Lowering blood pressure reduces cardiovascular events and all-cause mortality in people with type 2 diabetes. Although no difference is noted between different classes of blood pressure-lowering therapy for CVD outcomes, there is clear evidence that in people with type 2 diabetes, antihypertensive therapy with an ARB or angiotensin-converting enzyme inhibitor (ACEi) decreases the rate of progression of albuminuria and retinopathy, promotes regression to normoalbuminuria and may reduce the risk of decline in renal function. Combining an ARB and an ACEi is not recommended.1,13 

Blood pressure targets 

The target level for optimum blood pressure is controversial. Some international guidelines have changed their blood pressure targets to <140/90 mmHg4,14 whereas others remain at <130/80 mmHg.15 Some suggest that low targets such as <130/80 mmHg could be appropriate for people at high risk of CVD, if achievable without undue treatment burden.14 

Considering these guidelines, the RACGP recommends a blood pressure target of <140/90 mmHg for people with diabetes, with lower targets considered for younger people and those at high risk of stroke, as long as the treatment burden is not high. 

For secondary prevention of CVD, the target blood pressure for people with diabetes and microalbuminuria or proteinuria (emergent chronic kidney disease) remains <130/80 mmHg. As always, treatment targets should be individualised and people with diabetes monitored for side effects from the use of medications to achieve lower targets. 

Lipid-lowering medication 

GPs should consider treatable secondary causes of raised blood lipids before commencing pharmacotherapy. 

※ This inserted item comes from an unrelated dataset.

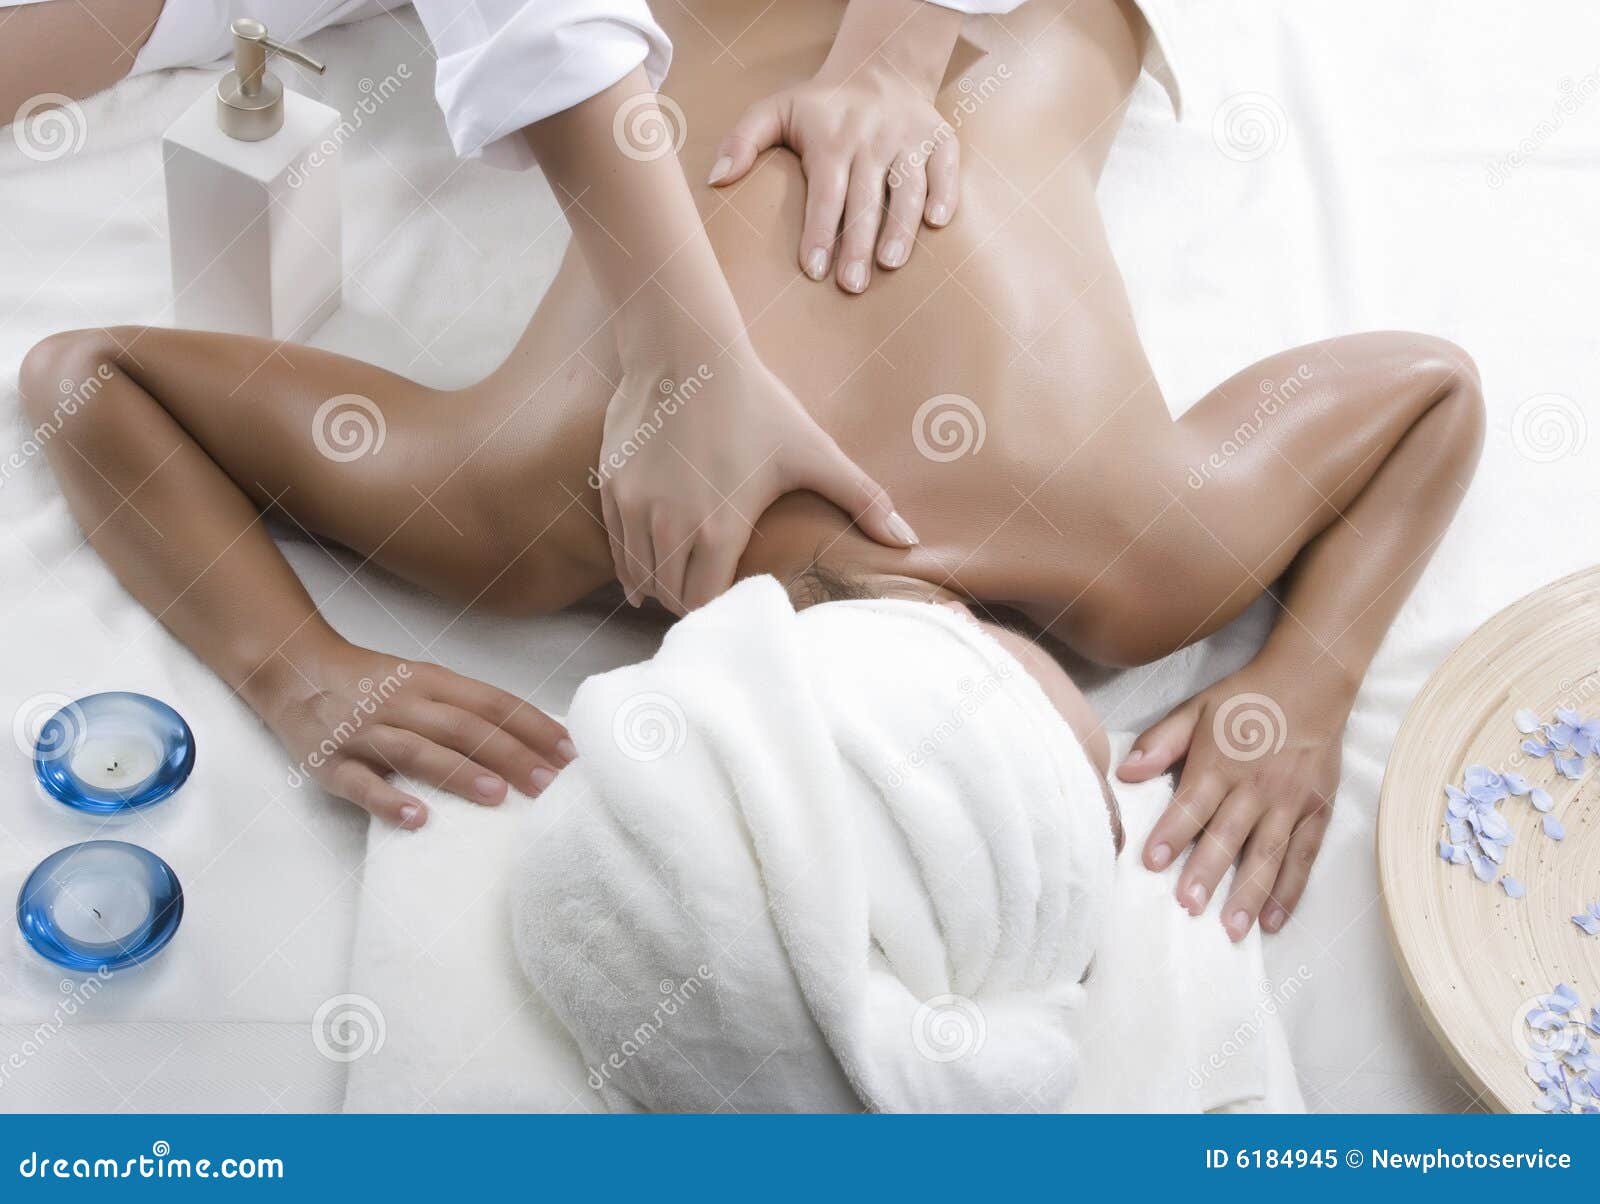 4 Hands Massage, Worth It?

As part of patient centred care, develop a shared decision-making process to decide on optimal therapy including individuals’ preferences and CVD risk calculation. Statins are an appropriate first line lipid-modifying therapy.1 The results from several systematic reviews are consistent, and suggest that people with diabetes gain at least similar benefits as people without diabetes. The data clearly demonstrate that statin therapy results in a significant decrease in coronary artery disease morbidity and mortality in type 2 diabetes for those at high CVD risk.1,16,17 This benefit is in contrast to the contentious effects of improved glycaemic control in CVD risk management. 

Statin use for primary prevention of CVD 

Statins are indicated for people with diabetes at high absolute risk of CVD, at any cholesterol level.1 

Statin use for secondary prevention 

Statin therapy is recommended for all people with CVD (unless exceptional circumstances apply). 

Other lipid-lowering medications 

The evidence for using lipid-lowering medications other than statins to decrease the risk of coronary artery disease is still accumulating. Recent evidence suggests CVD benefit in select subpopulations (see below). 

Ezetimibe 

Ezetimibe has been studied in the IMPROVE-IT trial in people with diabetes and existing acute coronary syndrome. Compared with a statin alone, ezetimibe combined with a statin showed an absolute risk reduction of 5.5% (40% versus 45.5%) for the composite primary end point of cardiovascular death, major coronary events or non-fatal stroke over seven years.18 

Thus, in adults with diabetes with acute coronary syndrome, ezetimibe combined with a statin may provide additional LDL-C lowering (if >1.8 mmol/L on statin therapy and requiring CVD risk reduction). 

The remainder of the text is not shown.